At the time of the original publication of this book in 1970, I opened with the following introduction, commiserating General MacArthur’s demise in the year that was my subject.

General MacArthur was the last of the great Americans. It isn’t at all certain that America is capable of producing a man of MacArthur’s caste. Such men spring from the loins of nations in whose blood courage runs, and we are grown anemic. That is why so many have spoken of an age that died with MacArthur. An age where, occasionally, heroes arose, acknowledging as their imperatives that duty, honor, and country which MacArthur cherished, but which the nation that rejected him has no stomach for, preferring the adulterated substitutes of our age of modulation.

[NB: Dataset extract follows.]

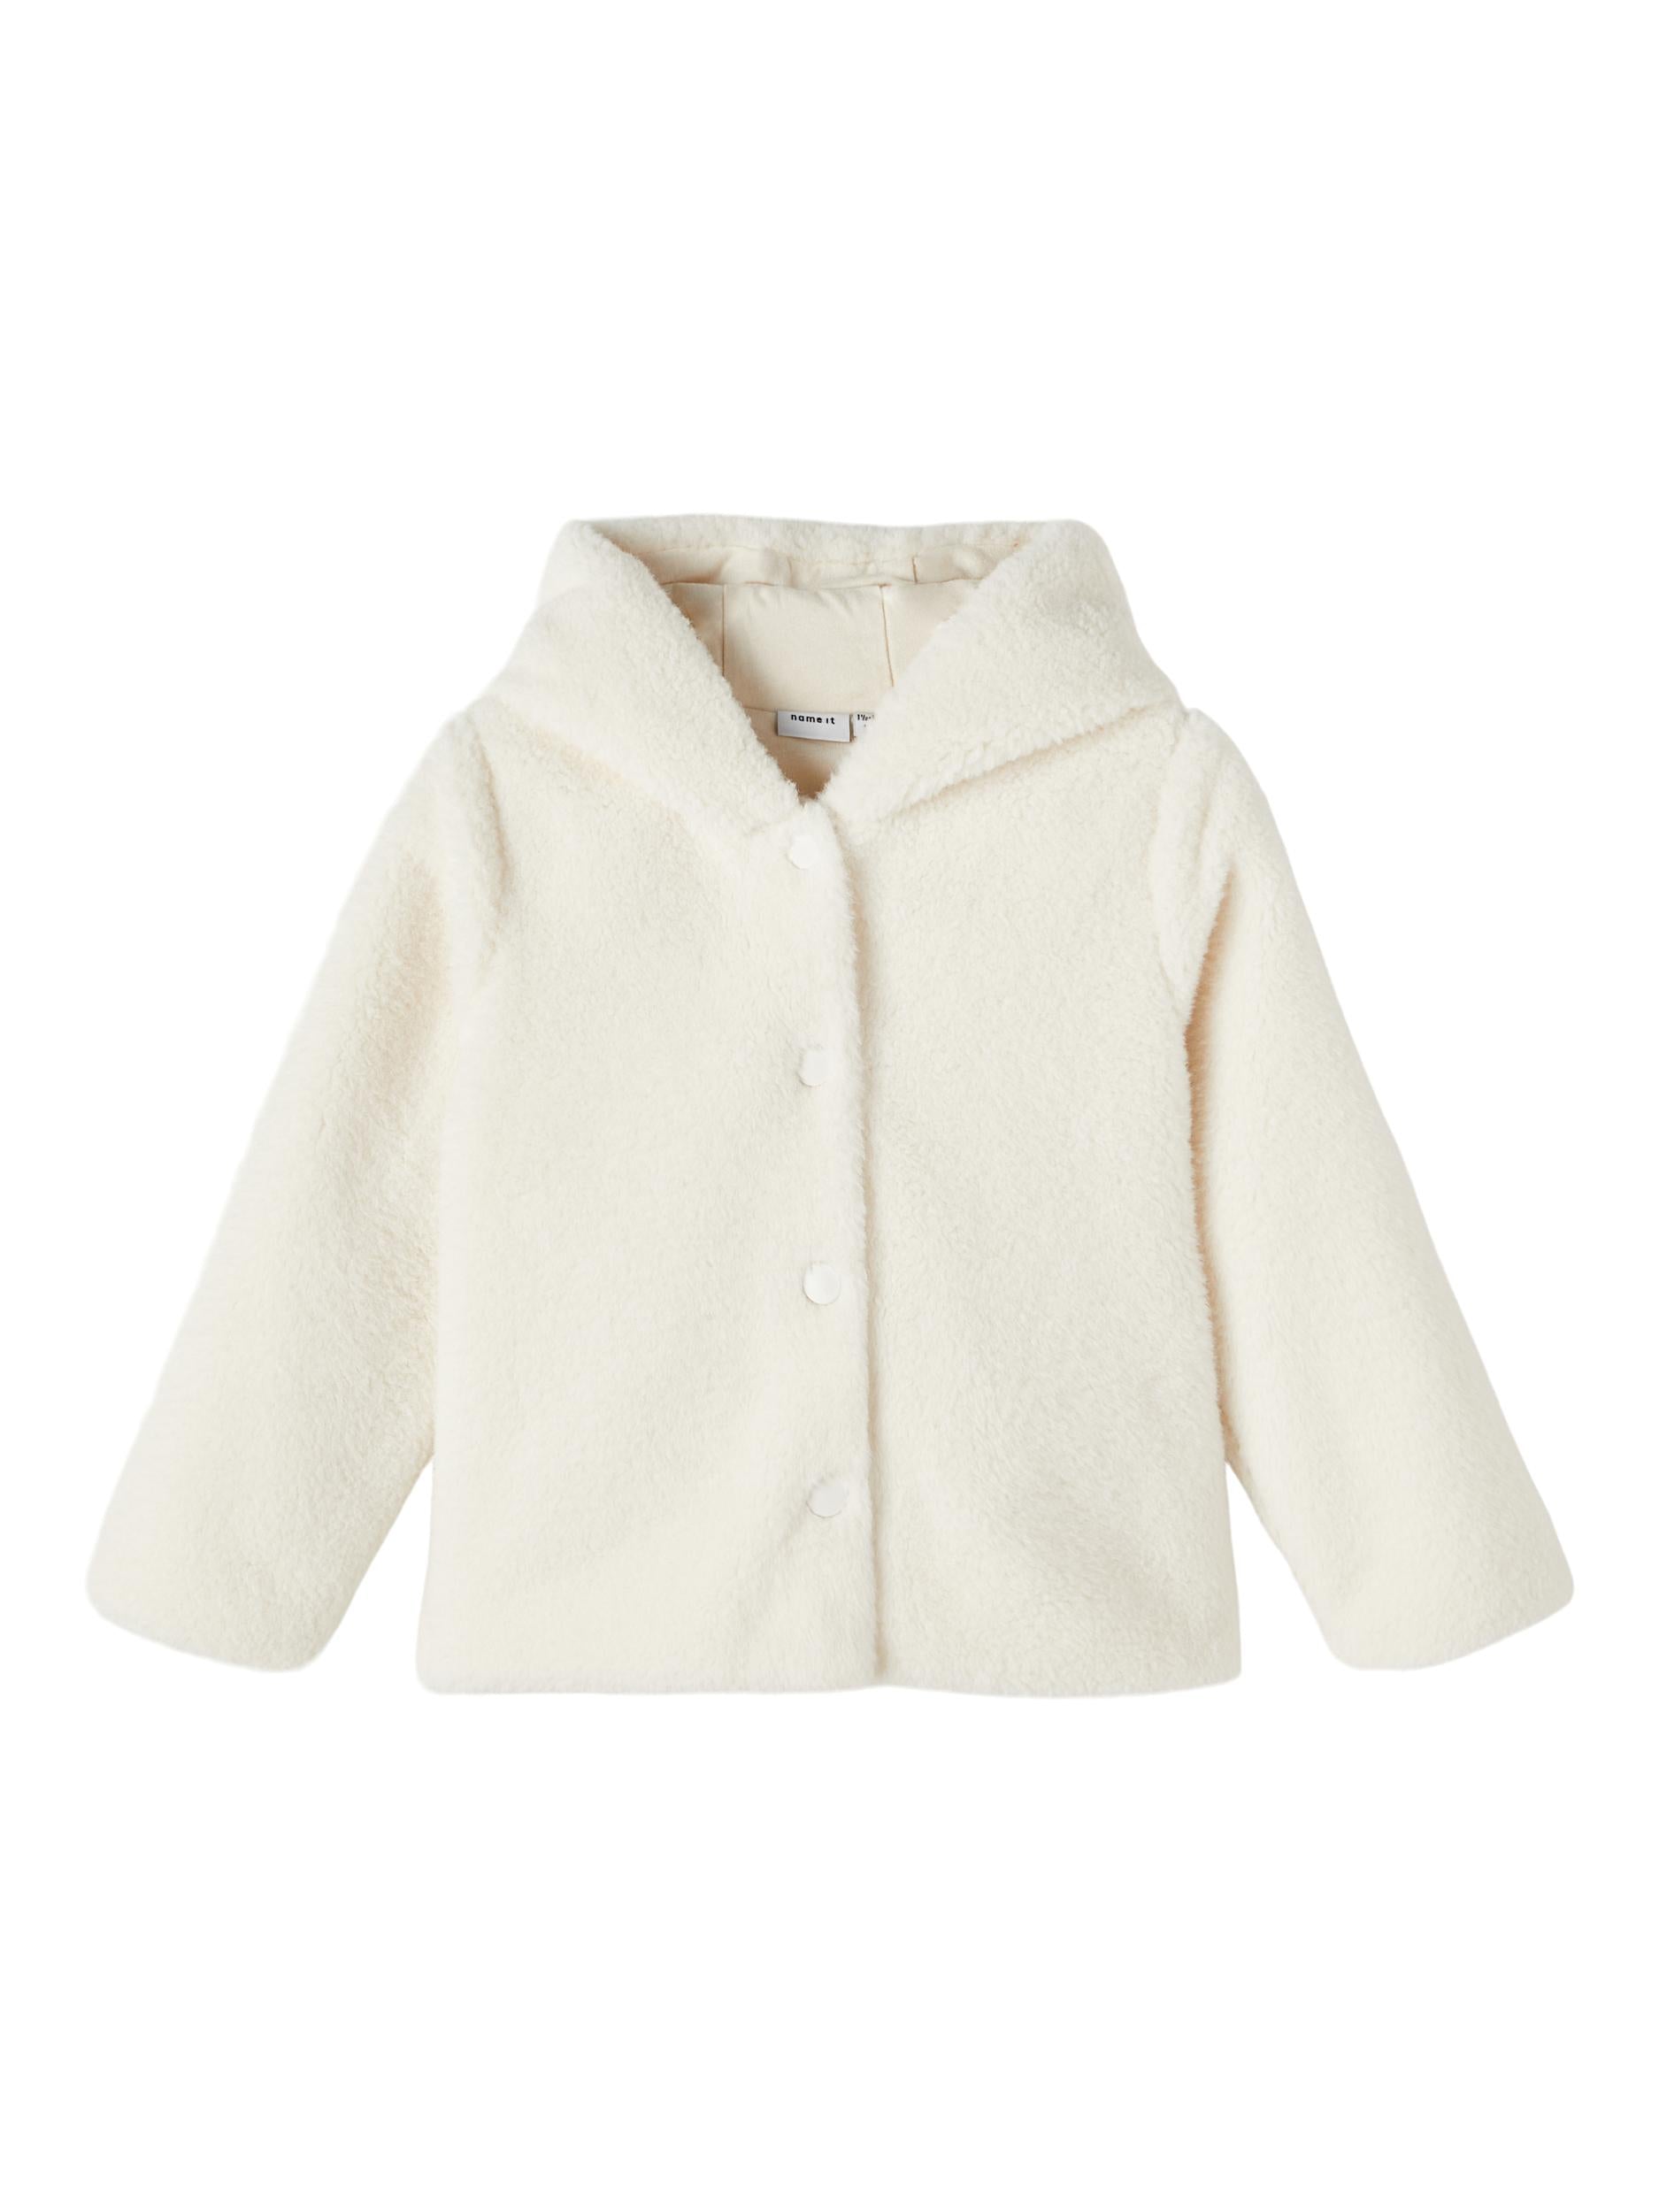 Girl's Olive Teddy Cardigan - Jet Stream-Front View

Six years later, we know that MacArthur was not America’s ultimate hero. There has proven to be truth in the old adage that “hard times make strong men.” But in that moment, there was little satisfaction at the passing of the old generation and even less hope for what might succeed it. Our only consolations were the outpourings of support for the General up until the last minute, when messages of grief and concern stormed the Walter Reed Hospital, on a scale that overwhelmed hospital officials, who had never seen the like it. A lot of us felt that for so long as he lived, the nation drew, somehow, from his great strength. And once we departed, we were sad and lonely, and grateful too. If we as a nation were to die, we could find no better words to die by, this side of Scripture, than his, given at his last public appearance at West Point.

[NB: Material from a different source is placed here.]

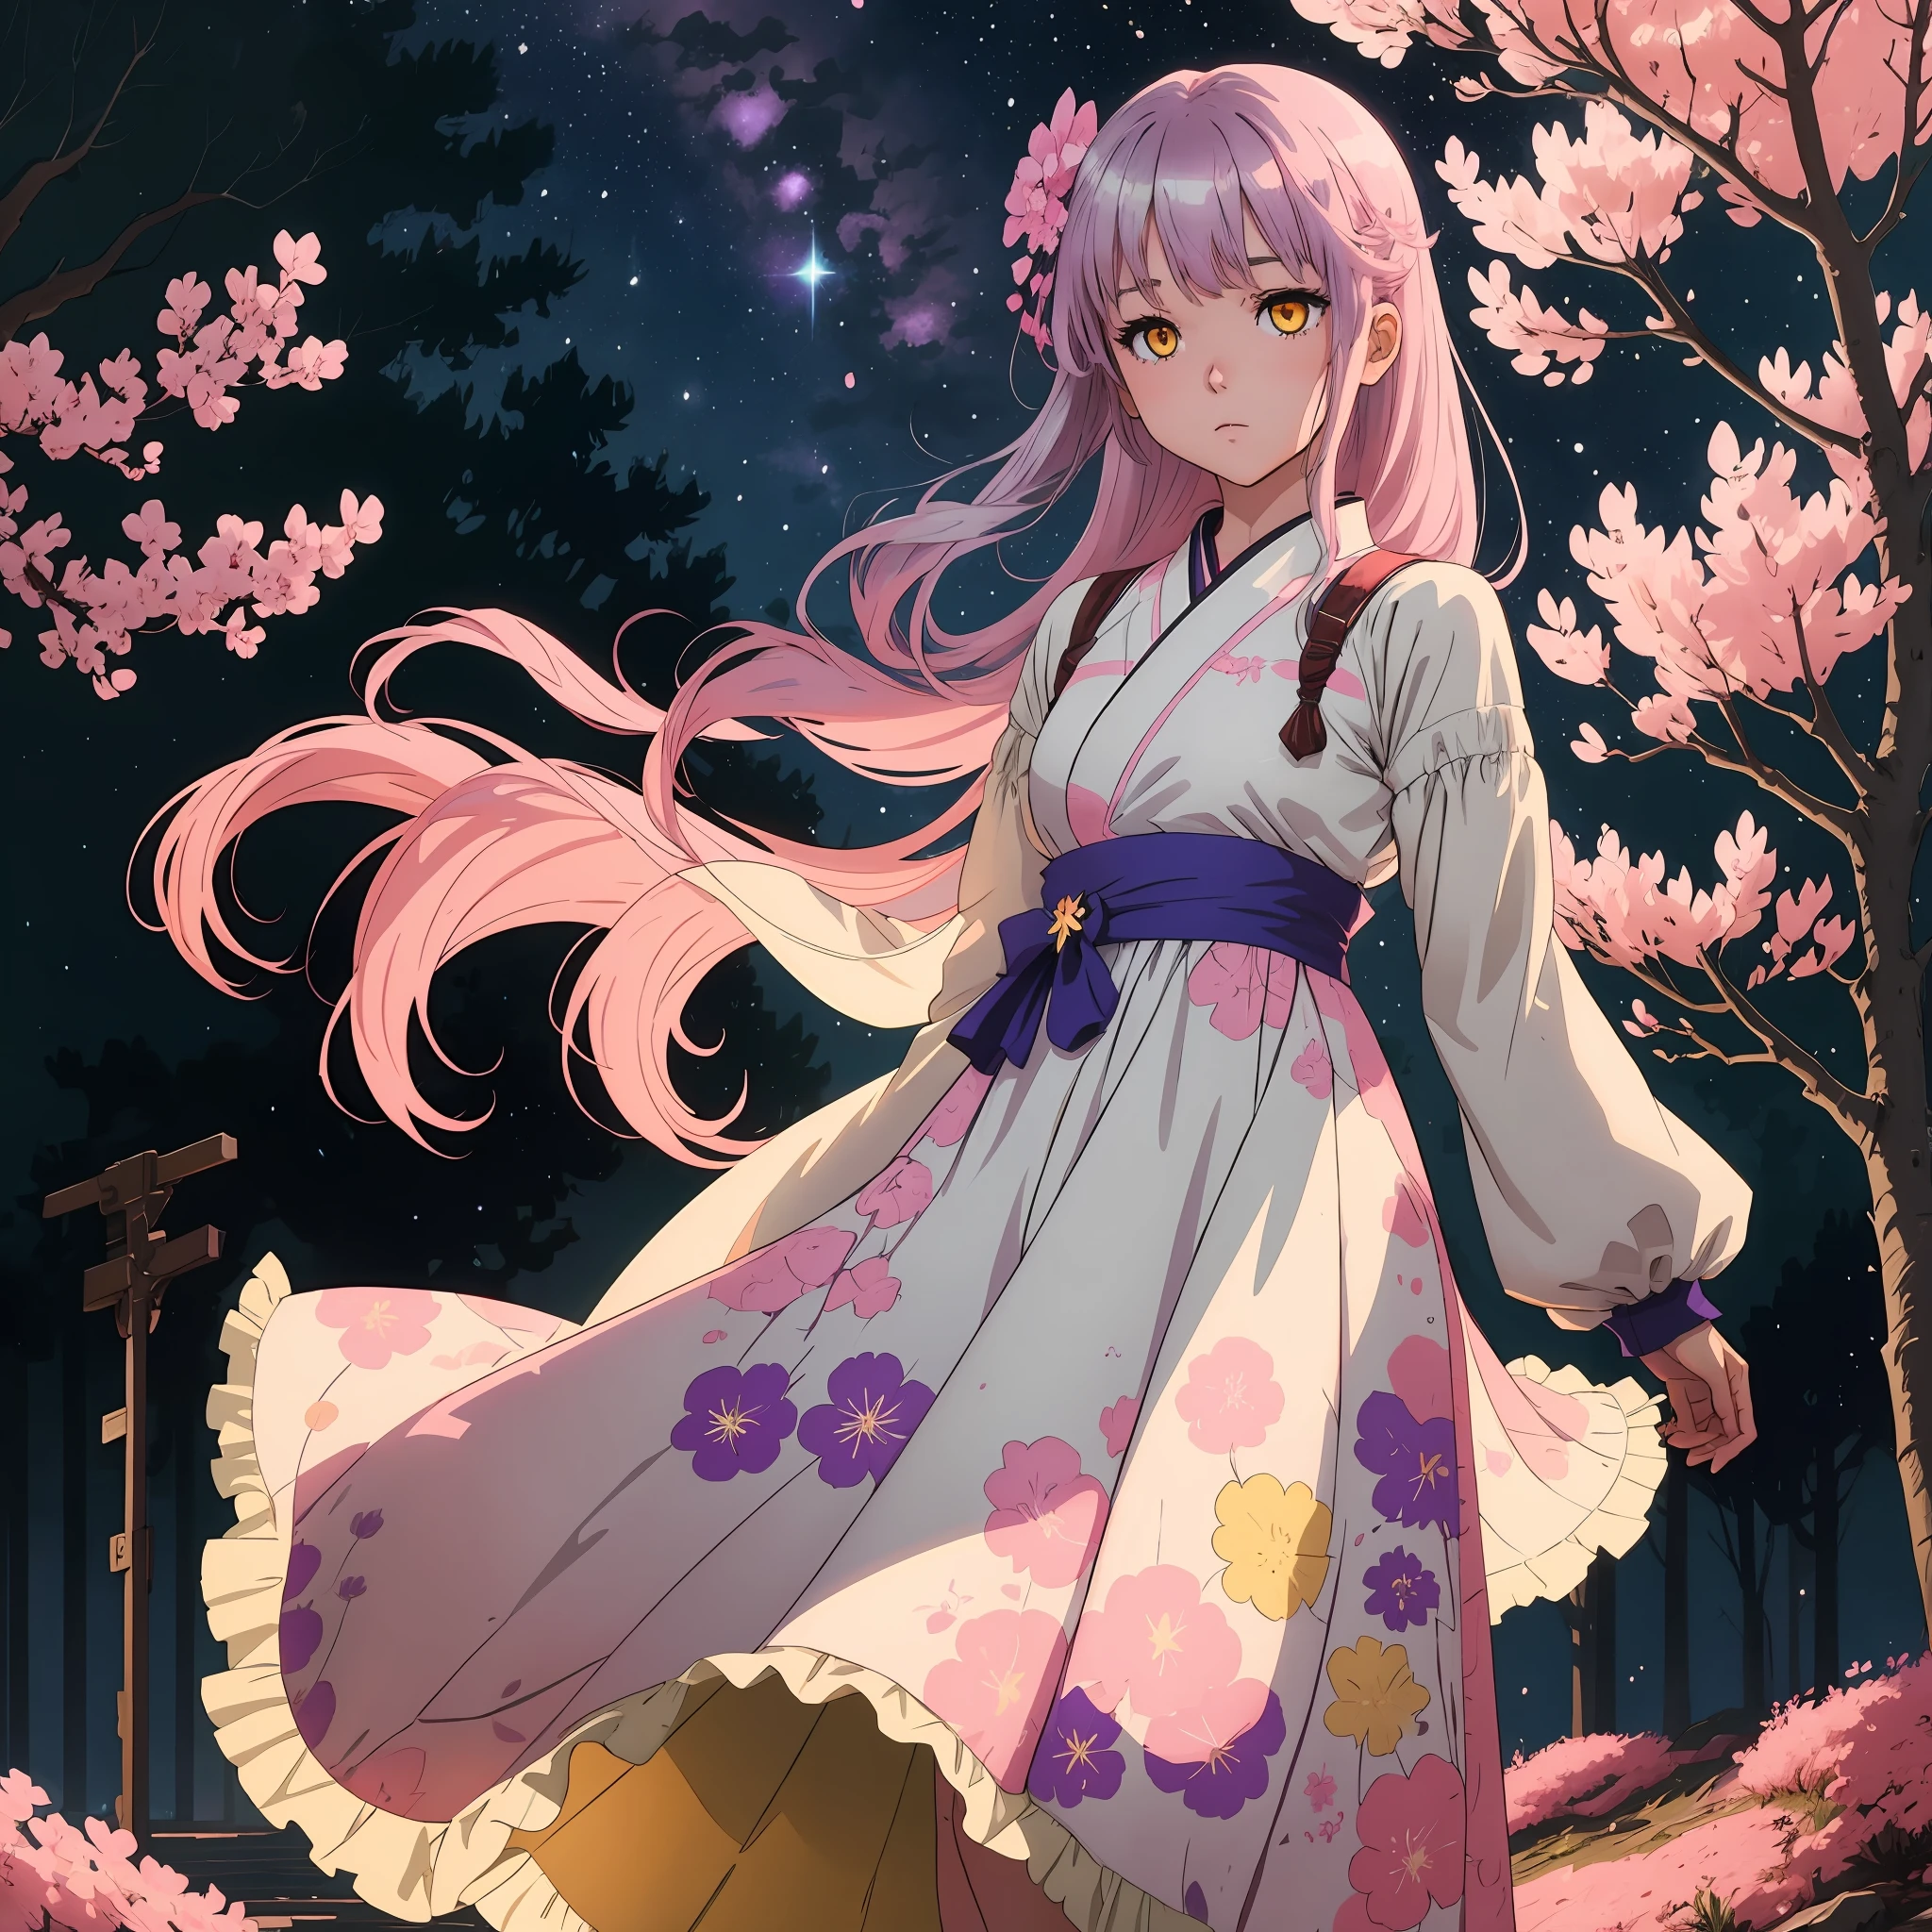 A silver haired 2d anime girl with bright yellow eyes and pink Sakura in her hair wearing lavender fluffy tule dress standing under starry night sky by herself alone surrounded by Sakura trees

The shadows are lengthening for me. The twilight is here. My days of old have vanished—tone and tint. They have gone glimmering through the dreams of things that were. Their memory is one of wondrous beauty, watered by tears and coaxed and caressed by the smiles of yesterday. I listen vainly, but with thirsty ear, for the witching melody of fain bugles blowing reveille, of far drums beating the long roll...but in the evening of my memory always there echoes and reechoes: duty, honor, country.

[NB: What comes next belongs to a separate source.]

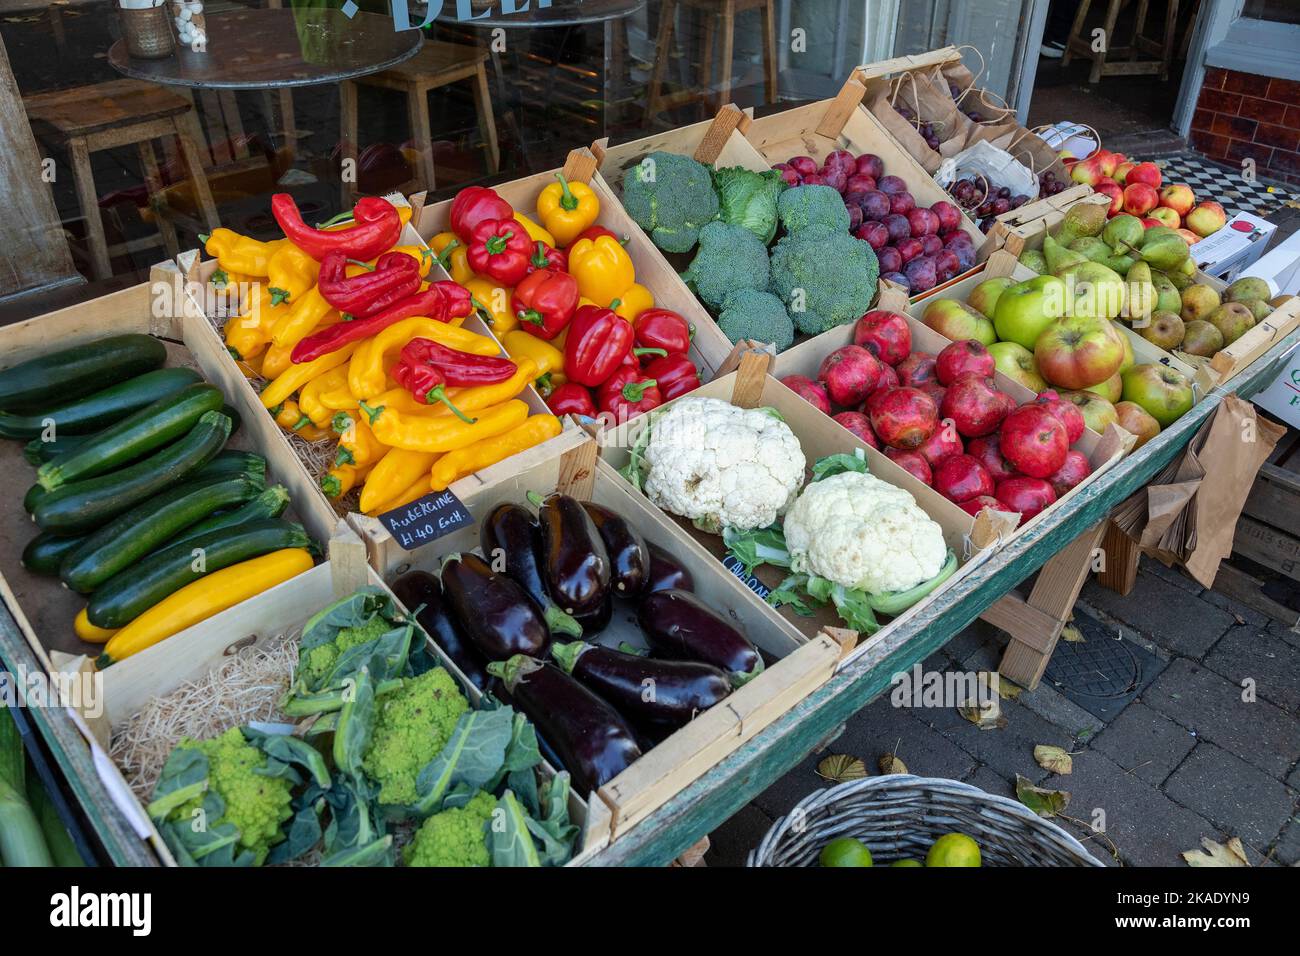 Display of fruit and vegetables, grocery, Shoreham by Sea, England, Great Britain Stock Photo

We were rarely worthy of such stature. Our leadership, the last line of a liberalism redressed in bayesian trappings, were insects before his poise and principle. That his presidency was short-lived and ill-fated was more the consequence of the impatient disposition of the nation than his own shortcomings. And how did it shine ten years later!

At the center of the American crisis was the division of the Left. It governed our republic without too much interruption or disputation for over thirty years. Then, once, in 1967, someone charged that no committee composed primarily of American liberals had ever protested the barbarities of the Vietcong. I received this information skeptically, but on poking around found that it appeared to be true. What had happened to the anti-Communist left? The question was first entertained in a fascinating essay by Max Geltman, published in a previous issue of National Review. Mr. Geltman is a liberal scholar and publisher whose special field of interest is the anti-Semitism of the left, which, he has tried over the years to demonstrate, is the prime source of that disease. (Recently he cited the results of an inquiry into French anti-Semitism which show that among political groupings anti-Semitism is highest in the French Communist Party). His essay reminded me of how it used to be, during the late thirties, the forties, and the early fifties. In those days among the toughest anti-Communist critics were liberals and socialists, most of whom at one time or another wrote for the New Leader, a weekly social-democratic magazine sponsored for the most part by New York labor unions, and for Partisan Review, the highbrow quarterly. Just twenty years ago the crisis of the day had to do with Korea—whether to intervene to protect the South Koreans from going over by force to Communism. The fellow travelers quickly took up their places, and the chorus went up against interference—but it was all too much for the editors of the Partisan Review, who published a sham-withering editorial heard ‘round the liberal world.’ The prestigious John Dewey moved into the controversy, identifying himself completely with the editors and adding that “it is a pleasure to have plain speaking beautifully phrased” (Dewey was never much as a literary critic.) As one re-read it in 1967, one wonders why it wasn’t equally relevant then, substituting South Vietnam for South Korea, Red France for China, Ho Chi Minh for Stalin.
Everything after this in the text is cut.